Authors’ contribution

KK, KL, and AA designed the study. KL and AA designed and acquired samples for the spent culture media analysis. AA performed the experiments on surplus embryos embryos. UBK took part in study design and data acquisition at the region Hospital Horsens. YY designed and performed the deep sequencing experiments. JK designed the deep sequencing experiments and performed the interpretation of the sequencing analysis. BS contributed substantially to the acquisition of data and interpretation of the miRNA analysis. JI, TH and CH contributed substantially to the interpretation of data. KK interpreted the miRNA data and wrote the first draft. All authors critically reviewed and approved the final version of the manuscript.

Funding information

This work was supported by unrestricted grants from Vitrolife (Grant for the development of ART), the Hjalmar Svensson Foundation, VP legacy on recommendation from Novo Nordisk, and the Danish Council for Independent Research Medical Sciences.

Data availability

All data will be made accessible on request.
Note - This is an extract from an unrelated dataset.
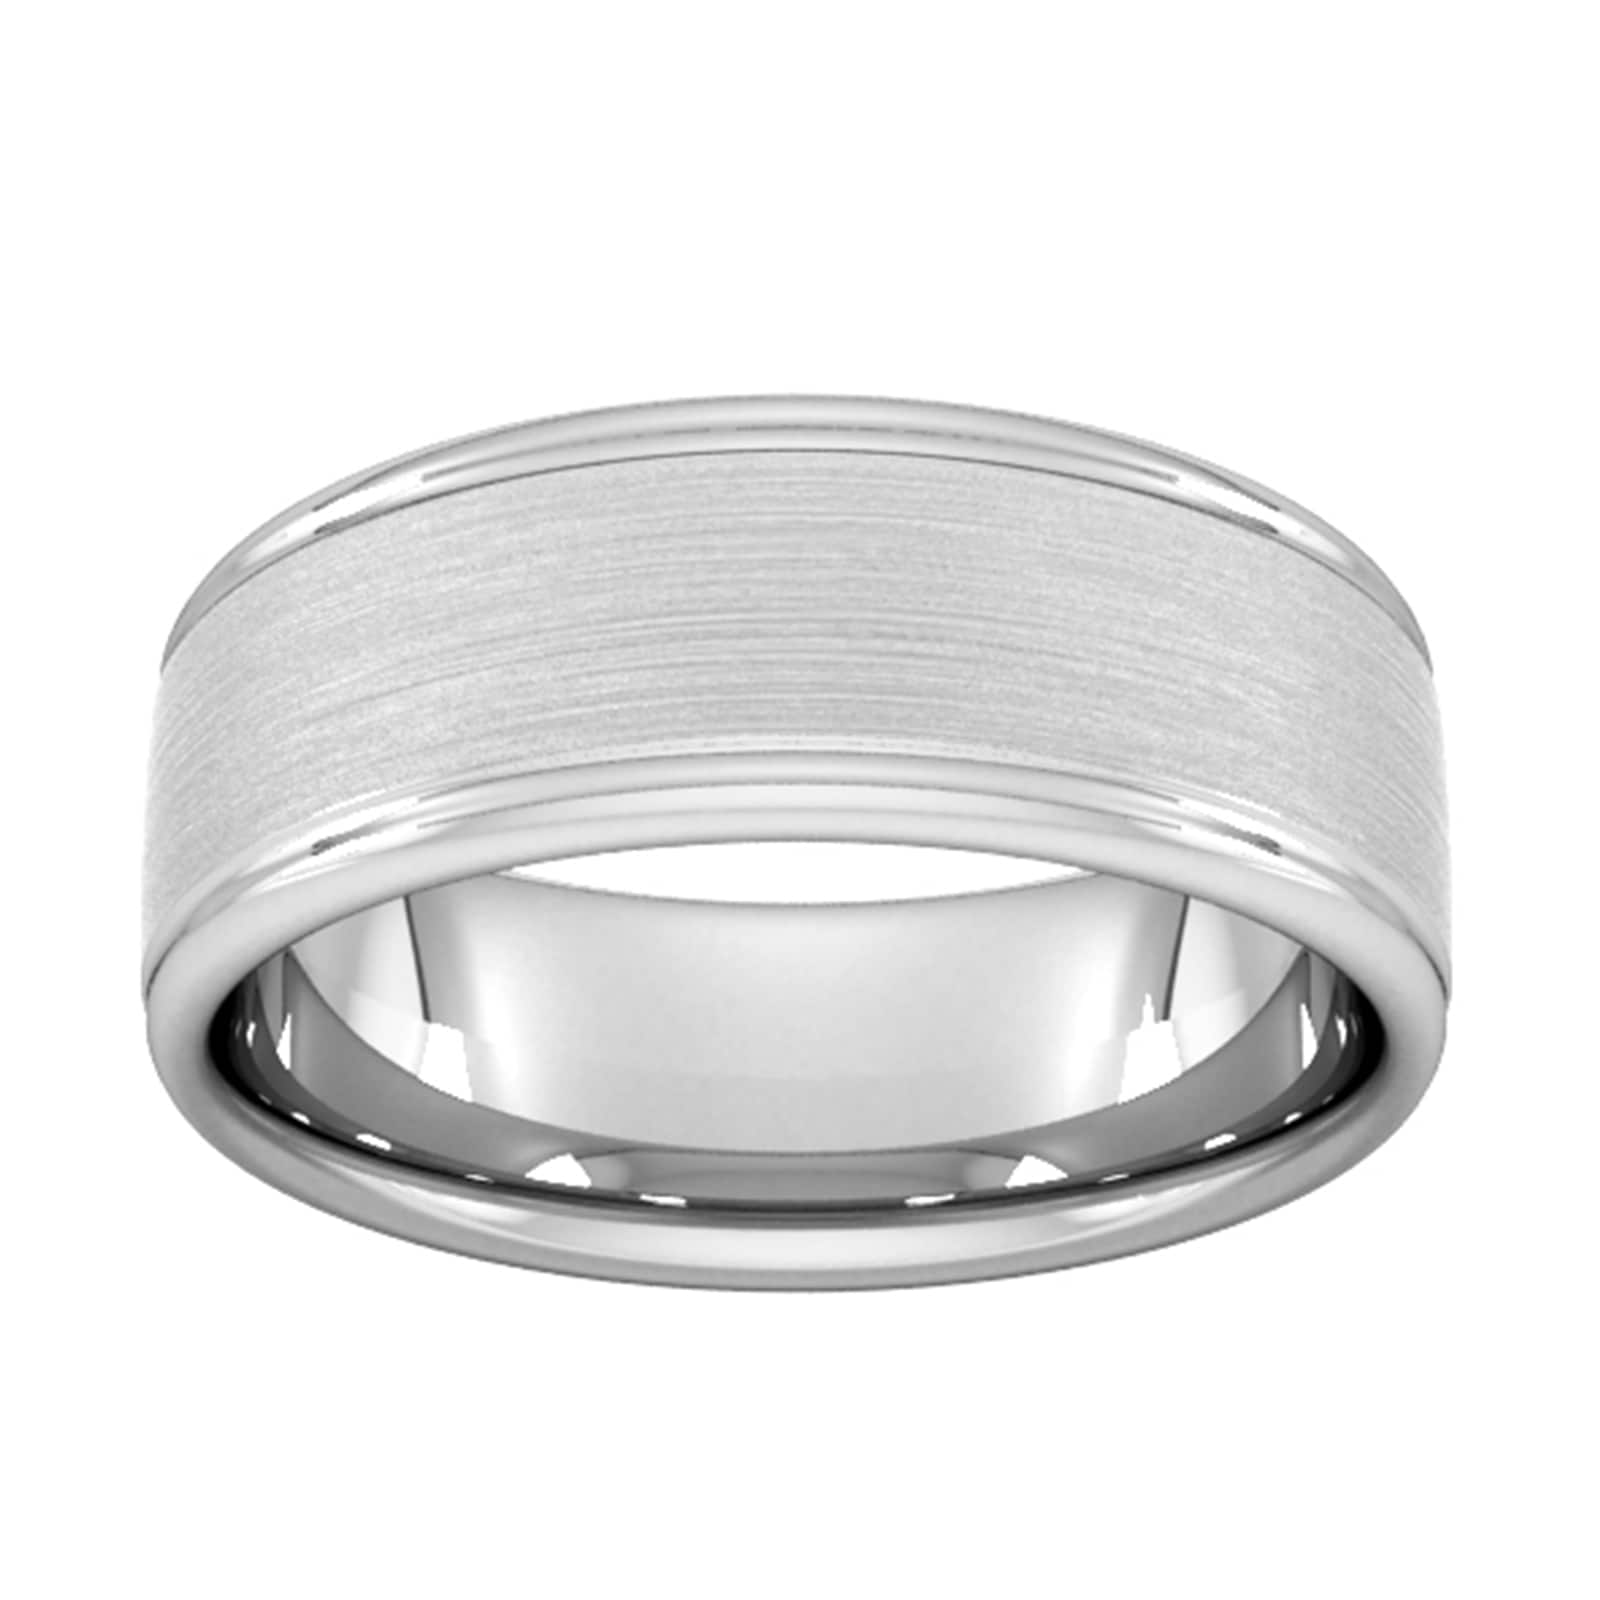 8mm Traditional Court Standard Matt Centre With Grooves Wedding Ring In Platinum - Ring Size L
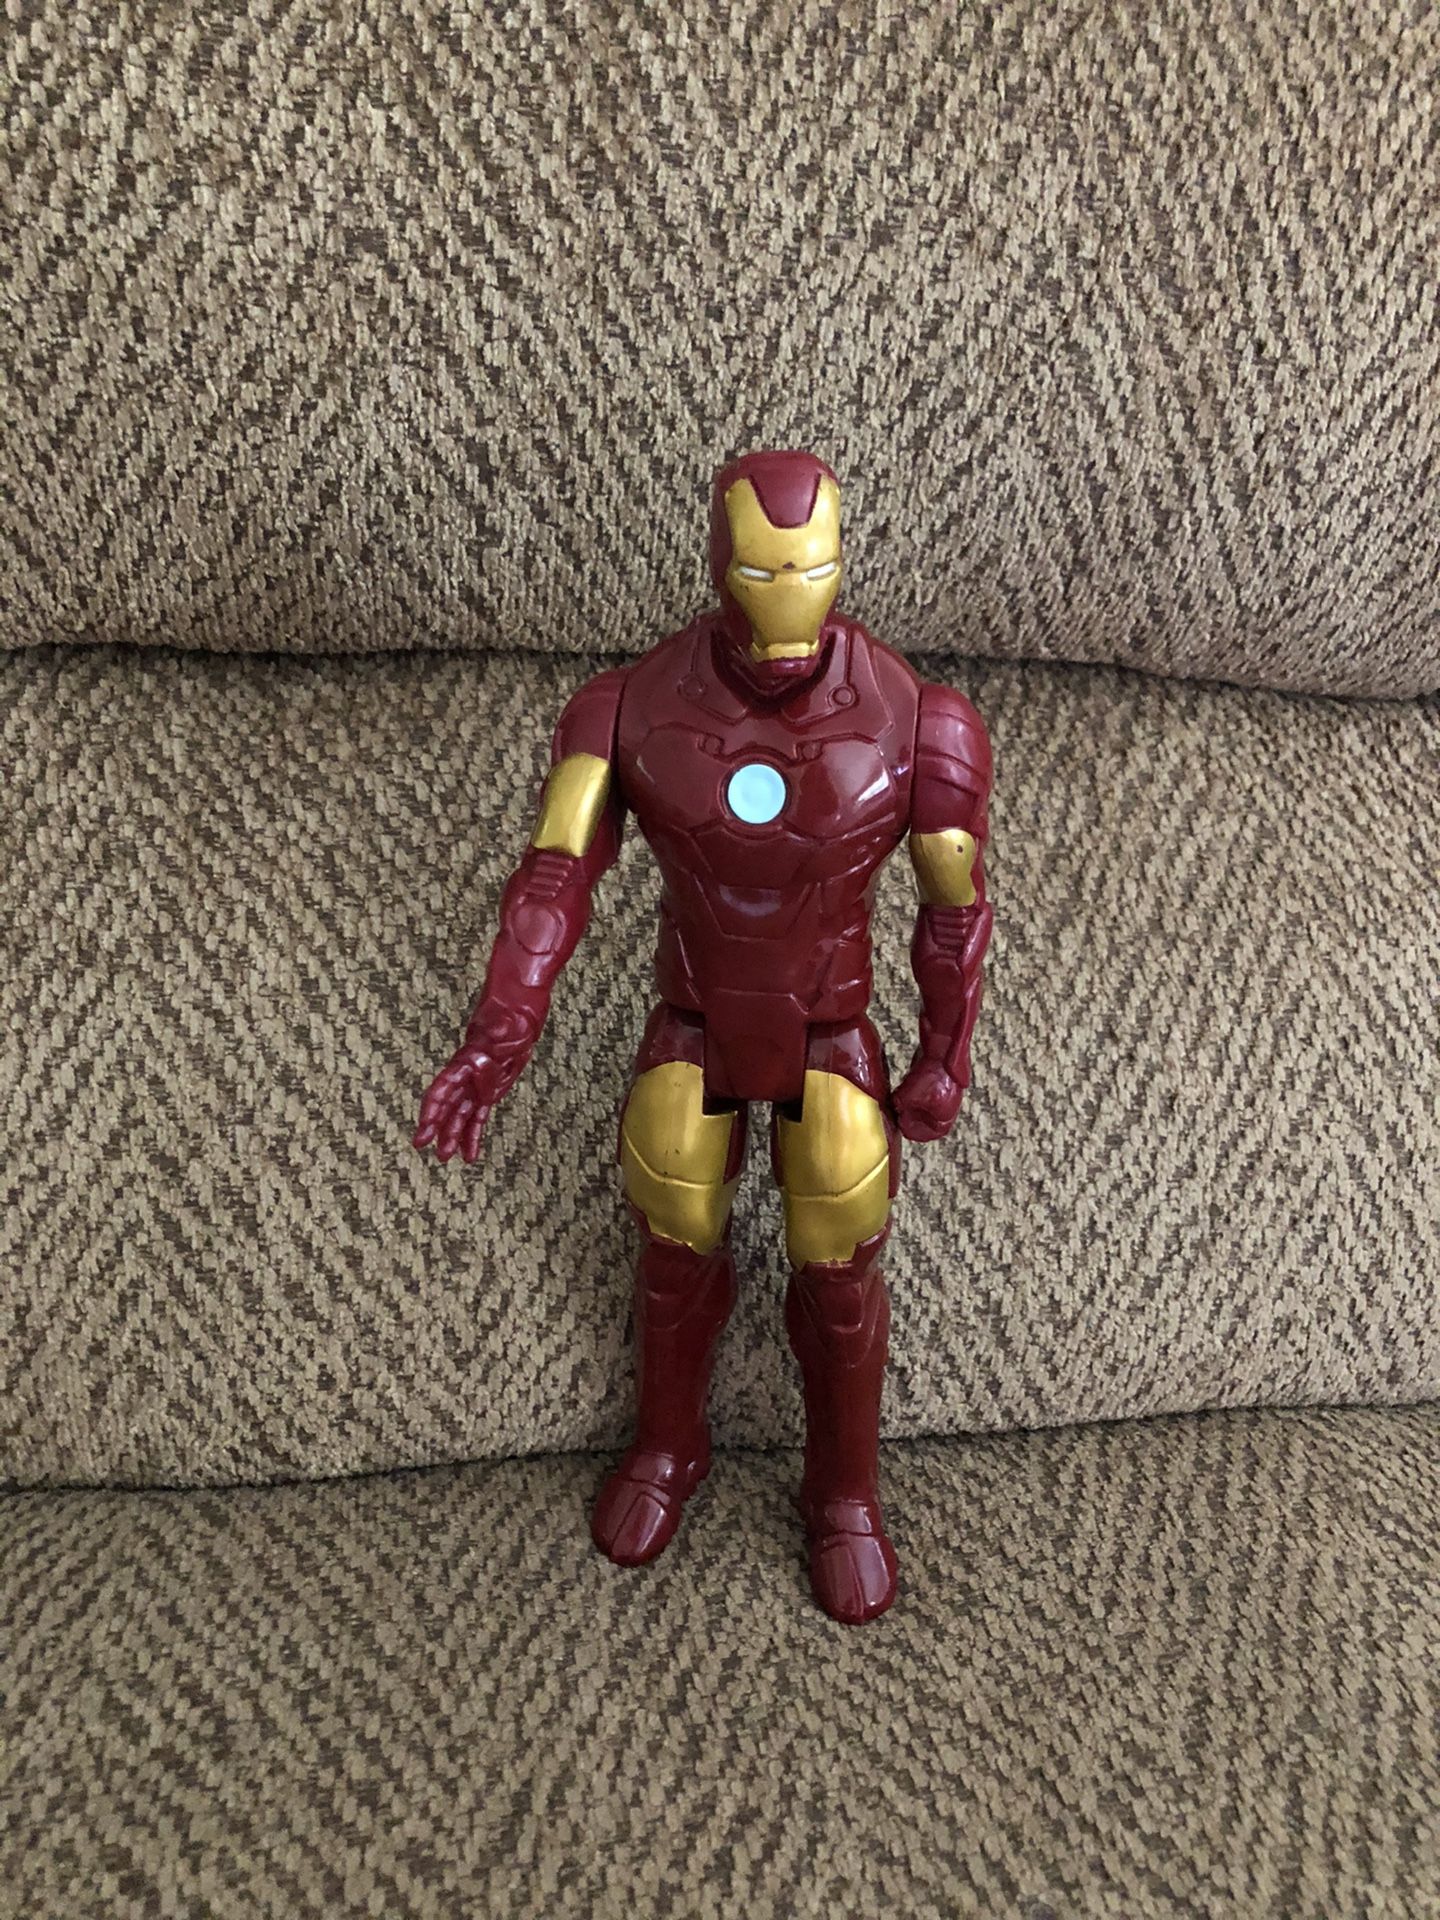 Marvel Avengers Iron man approximately 11 inches tall

Compliance with ethical standards

Conflict of interest

The authors declare that they have no conflict of interest.

Ethics approval

The study was approved by the Ethics committee in Gothenburg (Dnr: 066-15), by the Central Denmark Region Committees on Biomedical Research Ethics and the Danish Data Protection Agency.

Consent to participate

Informed consent was obtained from all individual participants included in the study.